Kim Pyung-Wha, Choe Seon, Han Kyungsun, Yang Changsop, Lee Jinbok, Kim Sungha, Shin Minseop
Clinical Medicine Division, Korea Institute of Oriental Medicine, Daejeon, Republic of Korea.
Division of Biomedical Informatics, Seoul National University College of Medicine, Seoul, Republic of Korea.
J Pharmacopuncture. 2021 Jun 30;24(2):76-83. doi: 10.3831/KPI.2021.24.2.76.
While carpal tunnel syndrome (CTS) is the most common entrapment neuropathy affecting the wrist, resulting in substantial physical, psychological, and economic effects, there is no gold standard therapy for CTS. In this case series study, we aimed to report CTS patients treated with Pharmacopuncture (CSP) and electroacupuncture (EA) showing improvements in their symptoms, and the combinatorial effects of CSP and EA. We collected medical records of CTS outpatients who received CSP and EA at Chuk-u Acupuncture & Moxibustion Korean Medicine Clinic from August 2017 to September 2018. The outcome measures were the visual analog scale (VAS) for pain, paresthesia, the Korean version of the Boston carpal tunnel questionnaire (K-BCTQ) score, and changes in nocturnal pain, Tinel sign, and Phalen's test. We included patient satisfaction at the completion of all treatments. 17 patients were included for this case series study. After treatment, VAS for pain decreased significantly from 50.41 ± 16.19 to 9.59 ± 9.46, VAS for paresthesia also decreased significantly from 63.50 ± 11.49 to 14.75 ± 12.97, and K-BCTQ symptom severity scale decreased from 2.48 ± 0.68 to 1.89 ± 0.70 (all p < 0.001). Nocturnal pain, Tinel signs, and Phalen's test showed improvements after all the treatments. All the patients reported favorable overall satisfaction with the treatments, and 69.23% wanted future pharmacopuncture treatments if CTS recurred. No complications were detected. The combination of CSP and EA could be an effective and safe option in treating CTS.

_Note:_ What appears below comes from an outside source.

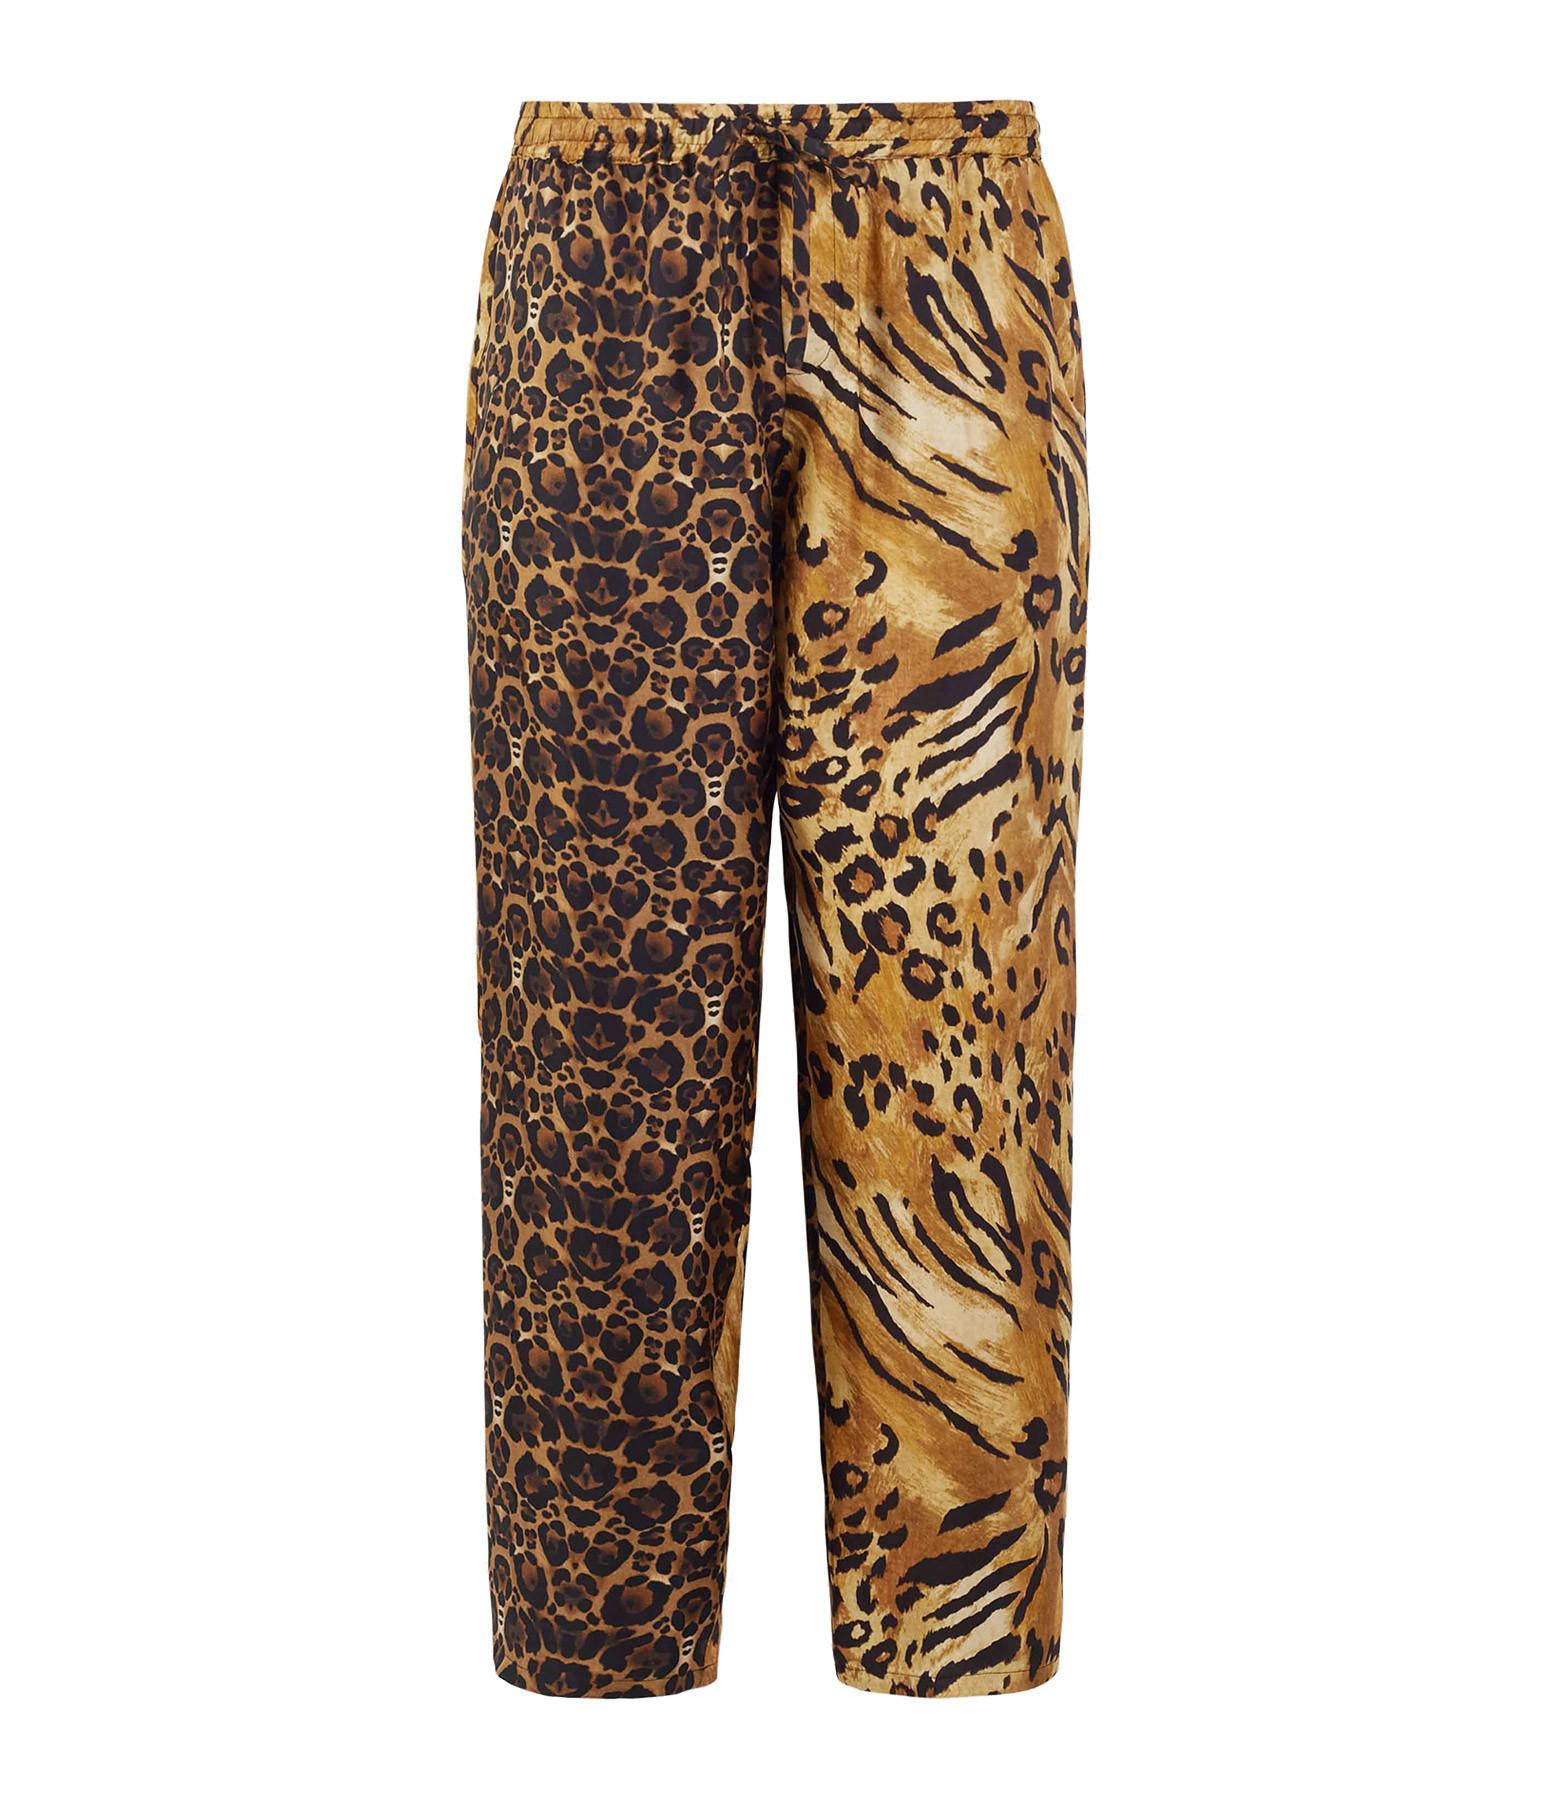 PIERRE-LOUIS MASCIA - Pantalon Aloe Soie Imprimé Animal

虽然腕管综合征(CTS)是影响手腕的最常见的卡压性神经病,会对身体、心理和经济造成重大影响,但目前尚无治疗CTS的金标准疗法。在本病例系列研究中,我们旨在报告接受药针疗法(CSP)和电针疗法(EA)治疗后症状有所改善的CTS患者,以及CSP和EA的联合效果。我们收集了2017年8月至2018年9月在忠武针灸韩医诊所接受CSP和EA治疗的CTS门诊患者的病历。观察指标包括疼痛、感觉异常的视觉模拟量表(VAS)、波士顿腕管问卷韩文版(K-BCTQ)评分,以及夜间疼痛、Tinel征和Phalen试验的变化。我们纳入了所有治疗结束时的患者满意度。本病例系列研究共纳入17例患者。治疗后,疼痛VAS评分从50.41±16.19显著降至9.59±9.46,感觉异常VAS评分也从63.50±11.49显著降至14.75±12.97,K-BCTQ症状严重程度量表从2.48±0.68降至1.89±0.70(所有p<0.001)。所有治疗后夜间疼痛、Tinel征和Phalen试验均有改善。所有患者对治疗的总体满意度良好,69.23%的患者表示如果CTS复发,希望未来接受药针治疗。未发现并发症。CSP和EA联合使用可能是治疗CTS的一种有效且安全的选择。